К великому моему удивлению, все пять кибиток тронулись одновременно. А я до того и не сообразил, что их так много, а еще мне казалось, что серая лошадь объедает изгородь и вообще никуда не впряжена. Еще мне смутно помнилось, что возле кибиток горит костер, а над ним подвешен медный котелок. Но потом я понял, что всё запомнил неправильно – когда все шесть кибиток, дребезжа, покатили по дороге, оставив за собой совершенно пустую поляну; двинулись они в направлении Столстеда. Белая псина, которая до того обнюхивала изгородь немного дальше по дороге, понеслась следом и пристроилась за последней кибиткой. Из кибитки высунулась худая смуглая рука и втащила псину внутрь – та отчаянно отбрыкивалась. Как мне показалось, псина была удивлена не меньше, чем я сам.
Привратник хмыкнул и протолкался между нами обратно к открытым воротам.
– Входите, – сказал он.
Мы послушно зашагали между стенами надвратной башни. Когда я поравнялся с воротами, то почувствовал, что магическая защита Столлери прошла по моему телу, будто бензопила. Линия, по счастью, оказалась совсем тонкой, но все равно в момент пересечения мне почудилось, что на меня набросился целый рой электрических пчел. Я пискнул. Высокий мальчишка, шагавший за мной следом, произнес что-то вроде «Уфф!», остальные же, похоже, вообще ничего не заметили, потому что мы почти тут же вышли из-под надвратной башни в огромный, безупречно ухоженный парк. Тут все мы одобрительно загомонили.
Куда ни посмотри, простиралась идеально подстриженная зеленая лужайка с мягкими всхолмиями, по ней между элегантными купами деревьев петляла ровной лентой ухоженная дорожка. То тут, то там зелень круглилась холмиками – их венчали либо деревья, либо небольшие беседки с белыми колоннами. И все это тянулось до самого горизонта и таяло в синей дымке.
– А где дом? – поинтересовалась какая-то девочка.
Привратник усмехнулся:
– До него мили две. Так что двигайте. Как дойдете до дорожки, что ответвляется вправо, на нее и сворачивайте, да шагайте дальше. Покажется особняк – снова берите правее. Там вас кто-нибудь встретит и покажет, куда дальше.
– А вы с нами не пойдете? – спросила та же девочка.
– Нет, – ответил привратник. – Моя служба – у ворот. Давайте, ходу.
Мы двинули, сбившись на дорожке в неуверенную кучку, словно стадо заблудившихся овец. Мы шагали, пока стена и ворота не исчезли между двух зеленых холмов, но особняк так и не показался. Тут начались вздохи и шарканье ногами, особенно среди девочек. На них на всех были туфельки, на которые и смотреть-то больно, а еще у большинства были платья по последней моде, в которых коленки буквально притиснуты одна к другой и приходится не идти, а семенить. Некоторые из мальчиков явились в парадных костюмах из плотной материи. Им было совсем жарко, а один мальчишка, в домодельных ботинках, хромал почище многих девчонок.

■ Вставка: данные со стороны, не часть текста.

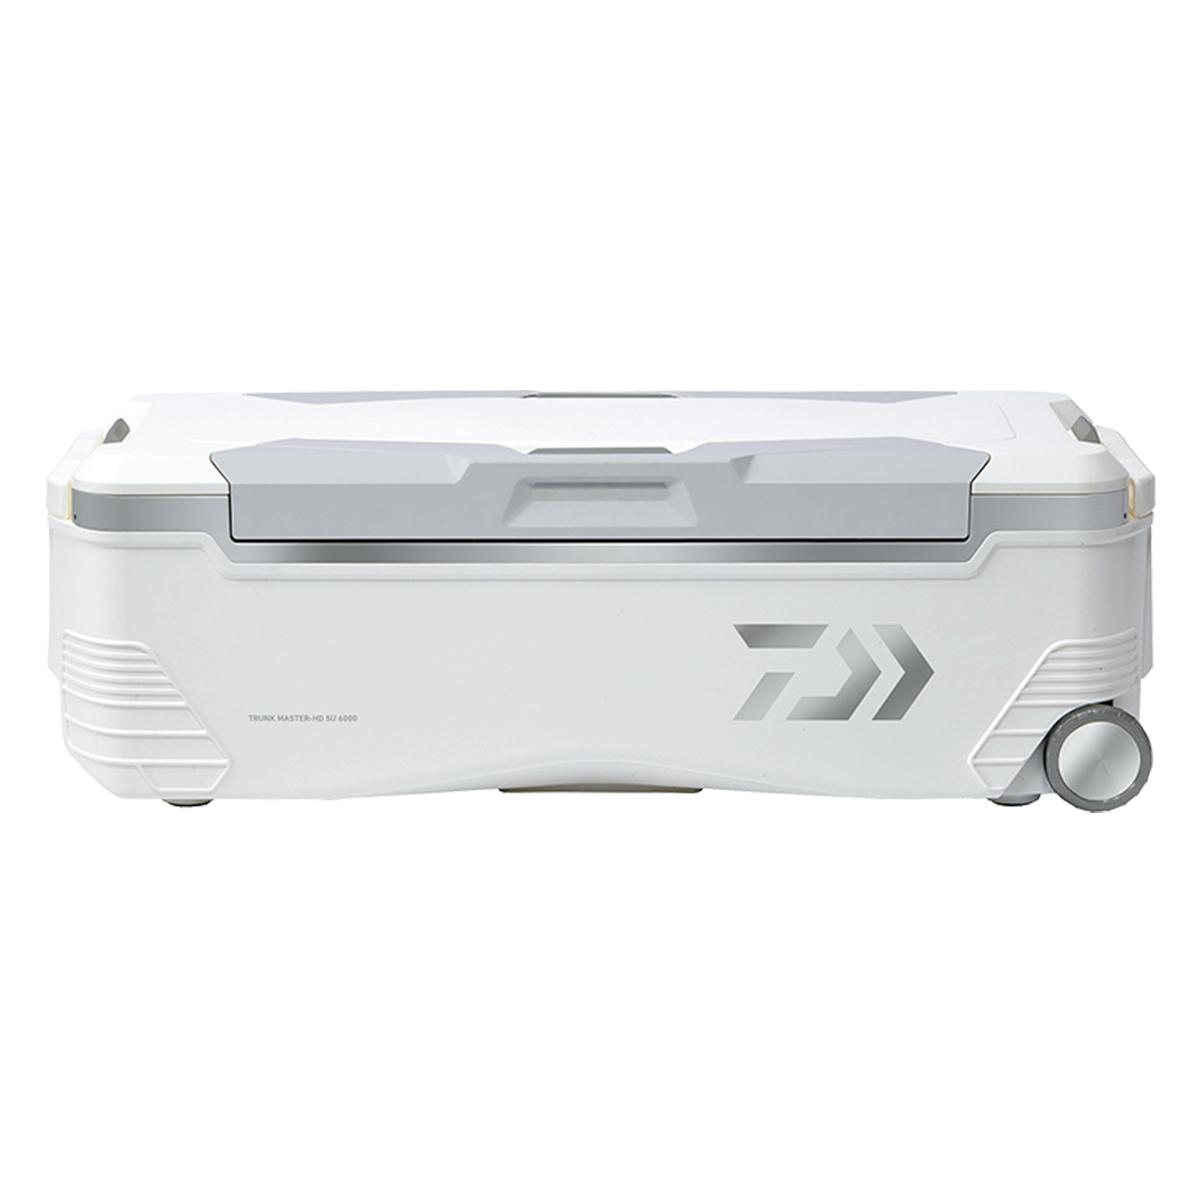 ダイワ トランクマスターHD SU 6000 シルバー クーラーボックス【大型商品】(東日本店)【送料無料】【同梱不可】

– Я ногу натерла, – пожаловалась одна из девочек. – Нам еще далеко идти?
– А может, это такое специальное испытание, – предположил мальчишка в домодельных ботинках.
– Да уж наверняка, – подтвердил высокий мальчик из цыганской кибитки. – Это специальная дорожка – она водит нас кругами, пока не вымрут все, кроме самых крепких. Шутка, – добавил он, услышав дружный стон. – А может, нам стоит передохнуть? – Блестящие темные глаза пробежались по нашим пакетам с едой. – Почему бы нам не присесть на эту дивную мягкую травку и не устроить пикник?